#### [Task to carry out]
Your task is to copy the lines of the data below from the line holding "Warning Travel Help" through the line holding "Nomadix Teton Black Ultralight Towel", inclusive, exactly and with nothing added.

[Dataset records]
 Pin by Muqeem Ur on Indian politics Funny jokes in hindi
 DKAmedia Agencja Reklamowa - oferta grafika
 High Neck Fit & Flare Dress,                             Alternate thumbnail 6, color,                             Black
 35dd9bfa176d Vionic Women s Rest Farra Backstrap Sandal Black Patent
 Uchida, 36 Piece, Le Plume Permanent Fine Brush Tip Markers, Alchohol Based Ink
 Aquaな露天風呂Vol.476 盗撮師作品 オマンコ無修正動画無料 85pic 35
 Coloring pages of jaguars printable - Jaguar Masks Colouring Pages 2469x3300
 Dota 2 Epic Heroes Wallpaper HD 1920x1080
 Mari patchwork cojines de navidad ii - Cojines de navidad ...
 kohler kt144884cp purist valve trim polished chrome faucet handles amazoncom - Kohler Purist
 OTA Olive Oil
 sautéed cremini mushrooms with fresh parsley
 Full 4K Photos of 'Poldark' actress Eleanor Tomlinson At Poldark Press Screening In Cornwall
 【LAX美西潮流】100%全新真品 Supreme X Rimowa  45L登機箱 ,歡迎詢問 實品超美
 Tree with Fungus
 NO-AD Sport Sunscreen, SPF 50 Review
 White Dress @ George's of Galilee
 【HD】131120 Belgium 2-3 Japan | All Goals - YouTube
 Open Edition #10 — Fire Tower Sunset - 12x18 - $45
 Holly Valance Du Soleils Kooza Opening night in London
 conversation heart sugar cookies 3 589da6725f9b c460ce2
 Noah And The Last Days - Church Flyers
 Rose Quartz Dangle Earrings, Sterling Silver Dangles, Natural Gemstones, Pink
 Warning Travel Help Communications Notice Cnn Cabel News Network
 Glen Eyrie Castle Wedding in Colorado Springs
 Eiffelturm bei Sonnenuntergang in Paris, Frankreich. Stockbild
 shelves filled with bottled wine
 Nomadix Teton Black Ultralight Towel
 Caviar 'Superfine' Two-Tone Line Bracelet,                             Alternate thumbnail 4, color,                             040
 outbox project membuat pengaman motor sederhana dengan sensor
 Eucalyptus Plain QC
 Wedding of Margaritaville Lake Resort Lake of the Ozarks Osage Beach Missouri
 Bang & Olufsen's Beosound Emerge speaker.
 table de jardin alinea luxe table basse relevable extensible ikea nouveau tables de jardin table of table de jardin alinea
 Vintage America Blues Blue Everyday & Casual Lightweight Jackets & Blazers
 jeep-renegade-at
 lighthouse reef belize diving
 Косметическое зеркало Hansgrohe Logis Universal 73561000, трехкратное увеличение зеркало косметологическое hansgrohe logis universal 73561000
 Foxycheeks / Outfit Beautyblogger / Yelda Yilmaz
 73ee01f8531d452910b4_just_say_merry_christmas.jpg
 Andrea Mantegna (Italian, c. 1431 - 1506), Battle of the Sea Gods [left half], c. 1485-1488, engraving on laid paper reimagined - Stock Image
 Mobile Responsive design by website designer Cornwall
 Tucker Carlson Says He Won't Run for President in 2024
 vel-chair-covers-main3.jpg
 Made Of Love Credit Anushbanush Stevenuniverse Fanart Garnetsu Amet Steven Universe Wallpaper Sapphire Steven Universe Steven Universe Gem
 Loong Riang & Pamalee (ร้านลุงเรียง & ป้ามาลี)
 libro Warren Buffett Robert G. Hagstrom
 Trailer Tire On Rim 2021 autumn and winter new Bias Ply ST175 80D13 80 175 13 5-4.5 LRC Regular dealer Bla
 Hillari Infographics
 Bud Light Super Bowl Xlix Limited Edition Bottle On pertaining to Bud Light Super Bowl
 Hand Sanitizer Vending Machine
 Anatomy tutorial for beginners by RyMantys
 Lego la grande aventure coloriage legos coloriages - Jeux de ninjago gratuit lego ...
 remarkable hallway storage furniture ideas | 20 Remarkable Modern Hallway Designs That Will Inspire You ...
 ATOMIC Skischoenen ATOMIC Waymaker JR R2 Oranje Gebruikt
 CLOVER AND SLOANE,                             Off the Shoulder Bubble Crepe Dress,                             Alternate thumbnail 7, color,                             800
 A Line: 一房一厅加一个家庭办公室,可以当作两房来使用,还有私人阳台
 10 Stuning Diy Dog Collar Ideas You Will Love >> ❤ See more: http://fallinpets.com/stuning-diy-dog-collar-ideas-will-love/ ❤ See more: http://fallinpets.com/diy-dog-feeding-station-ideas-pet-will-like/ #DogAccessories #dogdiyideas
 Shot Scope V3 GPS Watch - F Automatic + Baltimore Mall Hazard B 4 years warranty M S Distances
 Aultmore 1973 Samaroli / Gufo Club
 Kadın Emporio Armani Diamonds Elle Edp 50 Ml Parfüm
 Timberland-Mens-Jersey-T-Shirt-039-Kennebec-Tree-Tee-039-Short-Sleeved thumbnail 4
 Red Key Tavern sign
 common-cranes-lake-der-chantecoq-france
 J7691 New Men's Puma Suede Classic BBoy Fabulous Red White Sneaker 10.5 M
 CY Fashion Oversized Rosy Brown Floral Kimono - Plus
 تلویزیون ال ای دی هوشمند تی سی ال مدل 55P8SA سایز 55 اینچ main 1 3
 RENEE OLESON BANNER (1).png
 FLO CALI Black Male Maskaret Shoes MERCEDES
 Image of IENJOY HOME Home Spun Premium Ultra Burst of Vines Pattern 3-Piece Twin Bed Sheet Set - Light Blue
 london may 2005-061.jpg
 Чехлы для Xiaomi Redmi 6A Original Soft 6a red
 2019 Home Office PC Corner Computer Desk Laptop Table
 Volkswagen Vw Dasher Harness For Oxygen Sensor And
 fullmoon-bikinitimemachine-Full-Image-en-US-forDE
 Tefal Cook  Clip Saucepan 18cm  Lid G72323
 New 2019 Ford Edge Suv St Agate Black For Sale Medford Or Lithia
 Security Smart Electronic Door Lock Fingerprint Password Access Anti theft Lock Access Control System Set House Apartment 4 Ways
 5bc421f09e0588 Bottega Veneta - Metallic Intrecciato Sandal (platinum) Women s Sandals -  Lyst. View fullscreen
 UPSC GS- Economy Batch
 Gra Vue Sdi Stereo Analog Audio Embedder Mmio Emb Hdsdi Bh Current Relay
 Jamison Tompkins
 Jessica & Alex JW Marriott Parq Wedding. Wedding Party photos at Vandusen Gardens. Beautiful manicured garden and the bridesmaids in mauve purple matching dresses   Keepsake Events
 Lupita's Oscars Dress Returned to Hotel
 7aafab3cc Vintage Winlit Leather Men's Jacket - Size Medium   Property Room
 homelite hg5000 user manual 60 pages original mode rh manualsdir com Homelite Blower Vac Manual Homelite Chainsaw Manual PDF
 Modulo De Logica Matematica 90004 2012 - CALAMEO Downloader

#### [Response for this exercise]
 Warning Travel Help Communications Notice Cnn Cabel News Network
 Glen Eyrie Castle Wedding in Colorado Springs
 Eiffelturm bei Sonnenuntergang in Paris, Frankreich. Stockbild
 shelves filled with bottled wine
 Nomadix Teton Black Ultralight Towel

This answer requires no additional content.